Always Grateful
Join Date: Nov 2007
Posts: 6,947
Location: Durham, NC
Dogs Name: Mercury's Prince of the Universe (Boon)
Titles: CFFII,NW1, NW2, NWE1, CFFIII, CFFIV
Dogs Age: 12/29/12
Gallery Pics: 22
Visit triciakoontz's Gallery Thanks: 9,005
Thanked 12,652 Times in 4,151 Posts
Heeling Rear Cross
We’ve been working on this, literally, for a year. It looks so easy but it takes a ton of practice and adjustments to get those rear crosses at a dynamic flowing rhythm. At Level IV, the dynamics of rhythm and timing have to be really really good. No stuttering, breaks in team rhythm, etc. so it’s up to me to set Boon up perfectly to make the rear cross without falter, hesitation, or loss of gait. Our connectedness can take this to an awesome level.
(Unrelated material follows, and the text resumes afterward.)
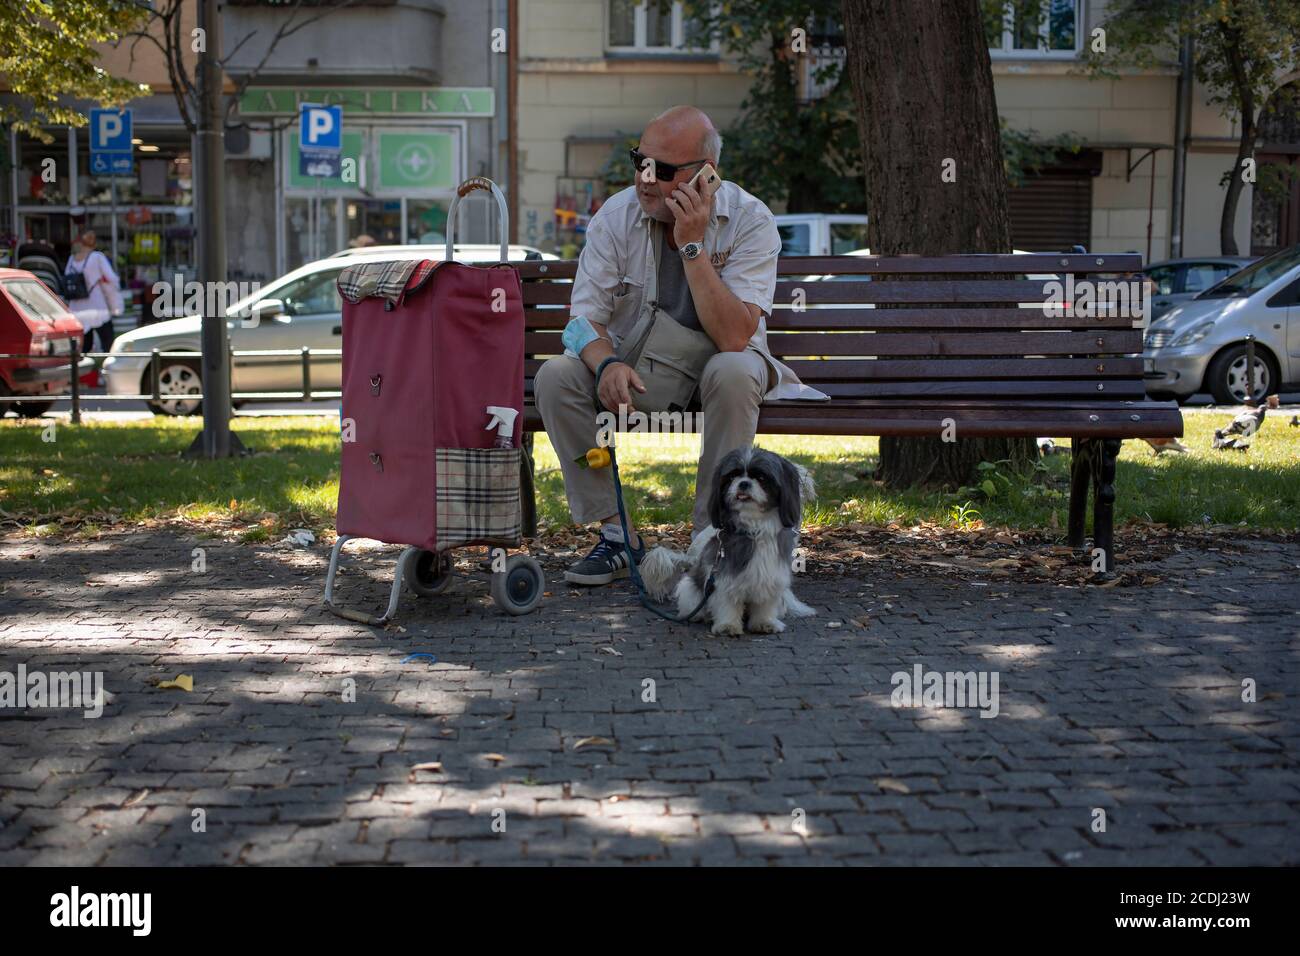 Belgrade, Serbia, Aug 2, 2020: Man with two dogs sitting on a bench in the park Stock Photo

We are almost there.
To make this piece of movement vocabulary look perfectly fluid and rhythmic, I can’t slow my pace, therefore, Boon has to drive, in the trot, into the rear cross and gain the opposite heeling reference position without changing into a canter. He bobbled into a lag at that one spot driving around the outside of a curve because I didn’t support his attention going into it.
We are the only team with a cross that looks this smooth and elegant, thanks to Boon. We were the first team to bring it in to choreography like this, in the turn, and a few other teams started working on it when they saw ours, which I don’t mind. Imitation is flattery, they say.
Feel free to critique- do remember that freestyle heeling is much more, well, free, than obedience heeling. The dog chooses a distance from the human that is comfortable for maintaining a strong team connection so you’ll often see that dogs choose more space than is demanded in obedience. They rarely choose a position of hugging the pants leg. This “white space” between human and dog really works well to enhance the dog, one of our critical criteria in judging. Obviously, you cannot see the full grace and beauty of a dog when the dog is extremely close to the human.